Alberi al parco Ducale, la proposta di Alinovi per preservarli
«Gli alberi del Parco Ducale si potrebbero preservare valutando la tecnica dell’espianto. La abbiamo già utilizzata con successo». Michele Alinovi, presidente del consiglio comunale, già assessore ai lavori pubblici dal 2012 al 2022, interviene sul dibattito innescato dal progetto di abbattimento dei 18 alberi adiacenti alle mura farnesiane, nel lato nord del parco.
Al momento solo un tiglio è stato tagliato, per errore della ditta secondo quando dichiarato dall’assessore De Vanna. Il cantiere è fermo e se ne riparlerà a settembre e non è detto che si proceda con l’eliminazione del filare di alberi.
«Il progetto di risistemazione del lato nord del parco Ducale risale ad alcuni anni fa – spiega Alinovi – e si è proceduto per stralci, a partire dalla demolizione del muro di cinta su viale Piacenza, retrostante al palazzo ducale. Questo è l’ultimo atto e riguarda la preservazione delle mura farnesiane che sono l’ultimo tratto rimasto fuori terra in tutta la città e credo siano un patrimonio da salvaguardare. La realizzazione di un rilevato può al tempo stesso valorizzare e conservare le mura».
«C’è il tema delle piante cresciute a fianco delle mura – specifica il presidente del consiglio comunale – ma il modo di preservarle c’è, lo abbiamo sperimentato con successo qualche anno fa nel giardino della scuola Anna Frank. Un macchinario speciale ingloba tronco, rami e radici ed espianta l’albero che poi si può riposizionare altrove. All’Anna Frank li abbiamo ripiantumati a poca distanza, nello stesso giardino e ora sono rigogliosi, l’operazione ha avuto successo al 100%. È chiaro che ha un costo. All’epoca, il 2021, il nolo delle macchine era sui 30.000 euro, se non ricordo male».
«Sarebbero soldi ben spesi ma si tratta di valutare nel dettaglio la fattibilità tecnica – conclude Alinovi – e se fattibile credo sia un’opzione da considerare, tanto più che è prevista la posa di un nuovo filare a poca distanza, e dunque potrebbero essere gli stessi alberi trapiantati. O comunque si potrebbero riposizionare in altre aree del Parco Ducale, dove ve ne sia necessità. Chiaramente non è detto che vada sempre tutto bene con questo tipo di operazioni e, in secondo luogo, occorre fare un sopralluogo puntuale perché potrebbero esserci alcuni alberi sorti troppo a ridosso delle mura e con le radici che si sono innestate tra i laterizi. In questo caso l’unica via dolorosa temo sia l’abbattimento della pianta che sta arrecando un danno strutturale al muro farnesiano recentemente restaurato, unica porzione fuori terra rimasta in città che, anche per questo, credo sia corretto preservare».

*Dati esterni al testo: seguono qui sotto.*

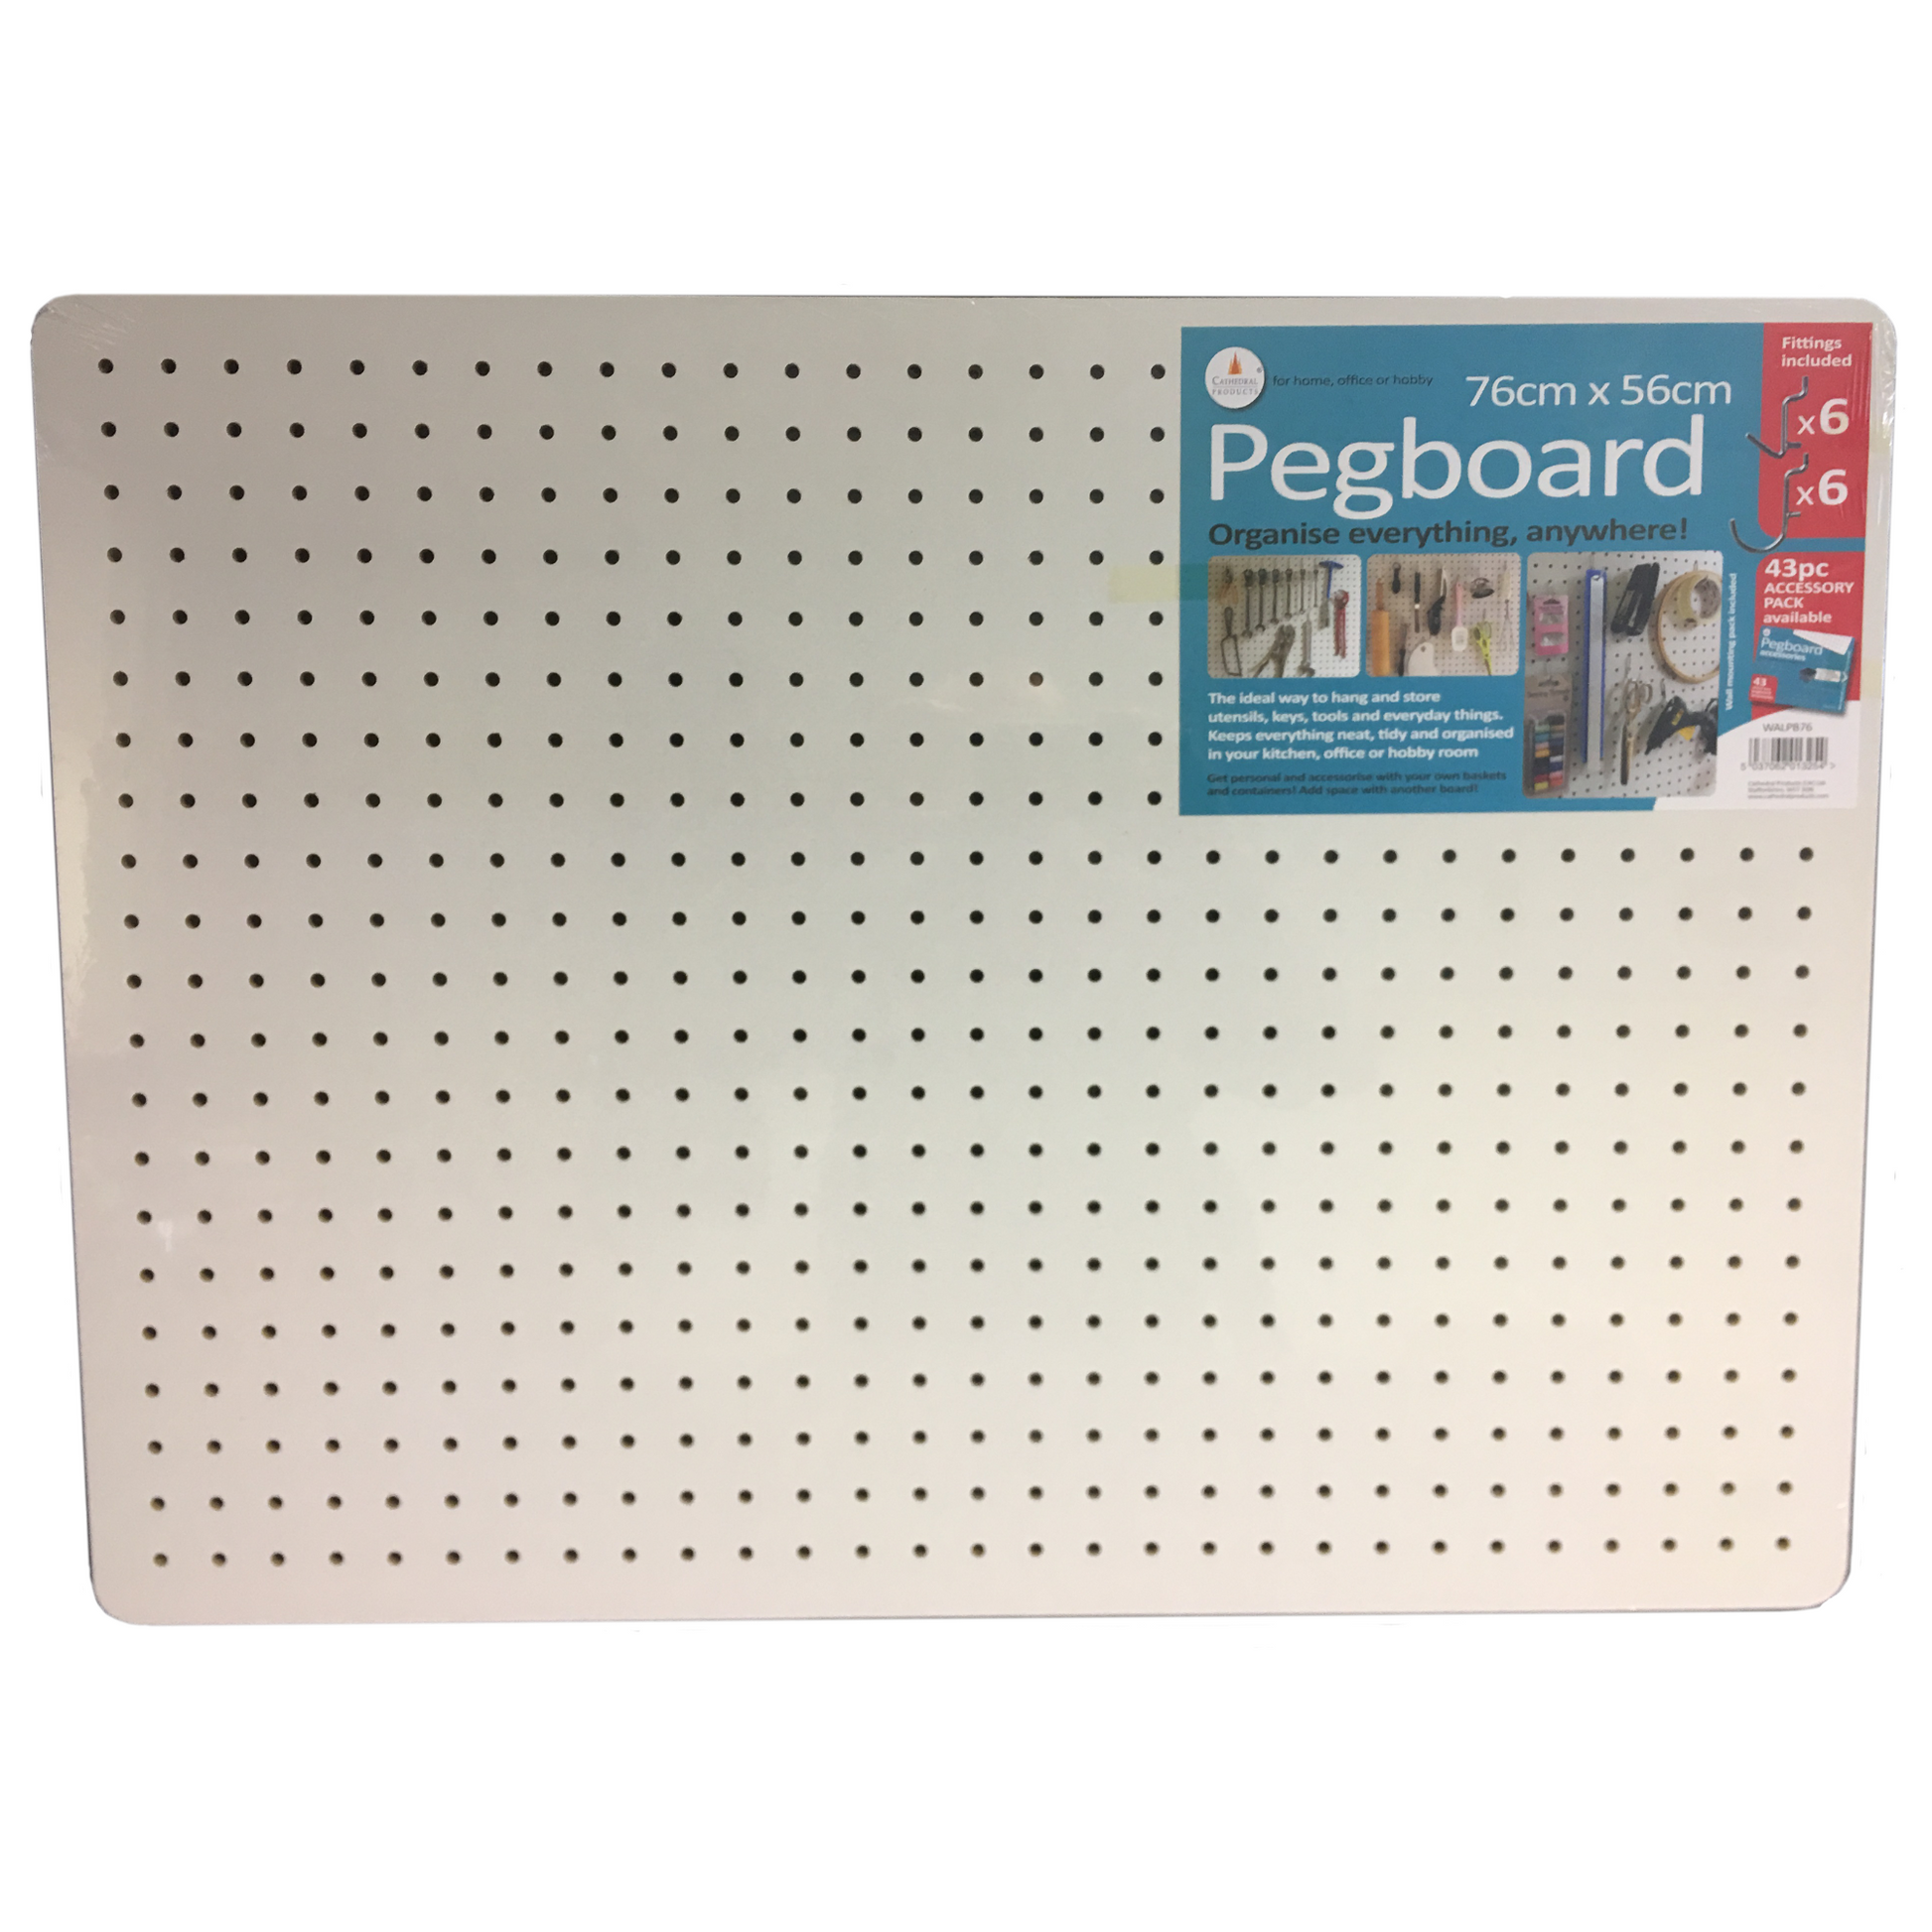 A white pegboard measuring 76x56cm with an attached packaging label that reads 'Pegboard - Organise everything, anywhere!' along with '43pc accessory pack available' and 'Fittings included x12.' The label shows images of the pegboard in use, holding various tools and utensils.

Saggio proposito quello di conservare ,con il pur costoso trapianto, il patrimonio arboreo già cresciuto , come a suo tempo avvenne per il ginko biloba davanti alla stazione.

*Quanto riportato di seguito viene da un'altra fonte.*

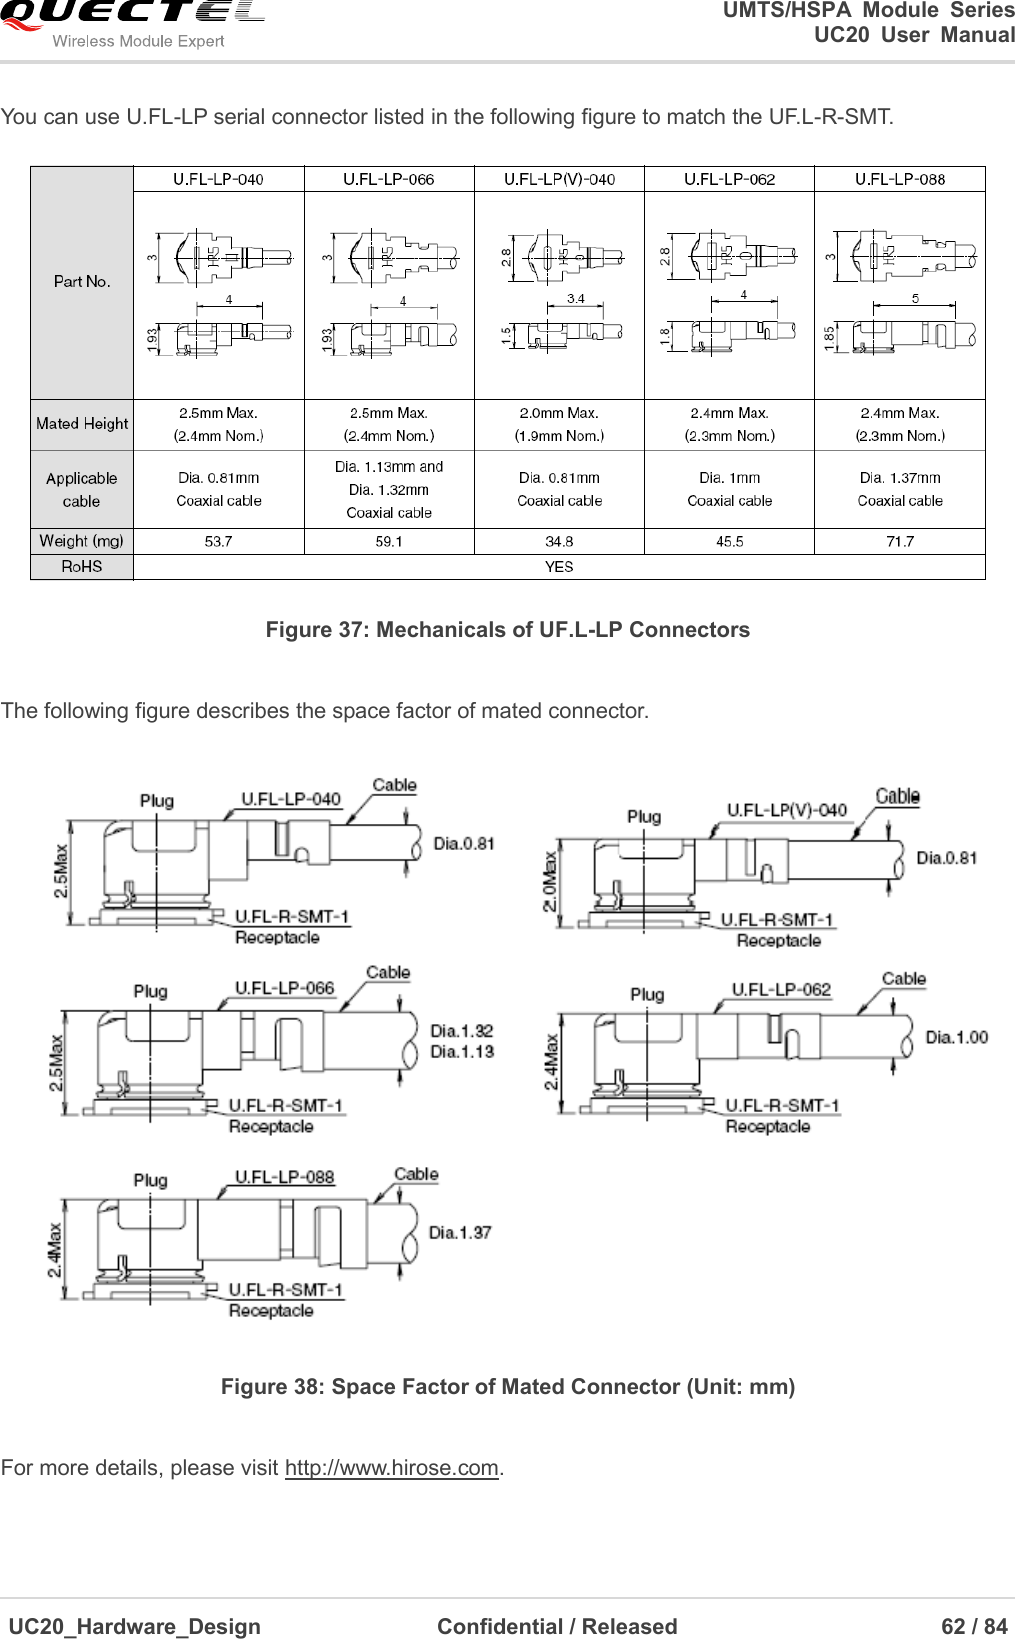                                                                                                                                               UMTS/HSPA  Module  Series                                                                 UC20  User  Manual  UC20_Hardware_Design                  Confidential / Released                            62 / 84     You can use U.FL-LP serial connector listed in the following figure to match the UF.L-R-SMT.  Figure 37: Mechanicals of UF.L-LP Connectors  The following figure describes the space factor of mated connector.  Figure 38: Space Factor of Mated Connector (Unit: mm)  For more details, please visit http://www.hirose.com.

Ma il presidente del Consiglio Comunale non poteva dirlo prima all’Assessore de Vanna che , con i suoi troppi impegni, pare un po’ sorpreso dagli eventi ?
Si tratta della solita mancanza di comunicazione tra esponenti politici che si occupano della stessa questione oppure il presidente del consiglio comunale, Alinovi, ha dato la miglior risposta possibile, per mettere a tacere le polemiche?
Non vorrei che, sia pure “per errore della ditta”, altri alberi facciano la fine del malcapitato tiglio. Meglio tenere desta l’attenzione sul caso…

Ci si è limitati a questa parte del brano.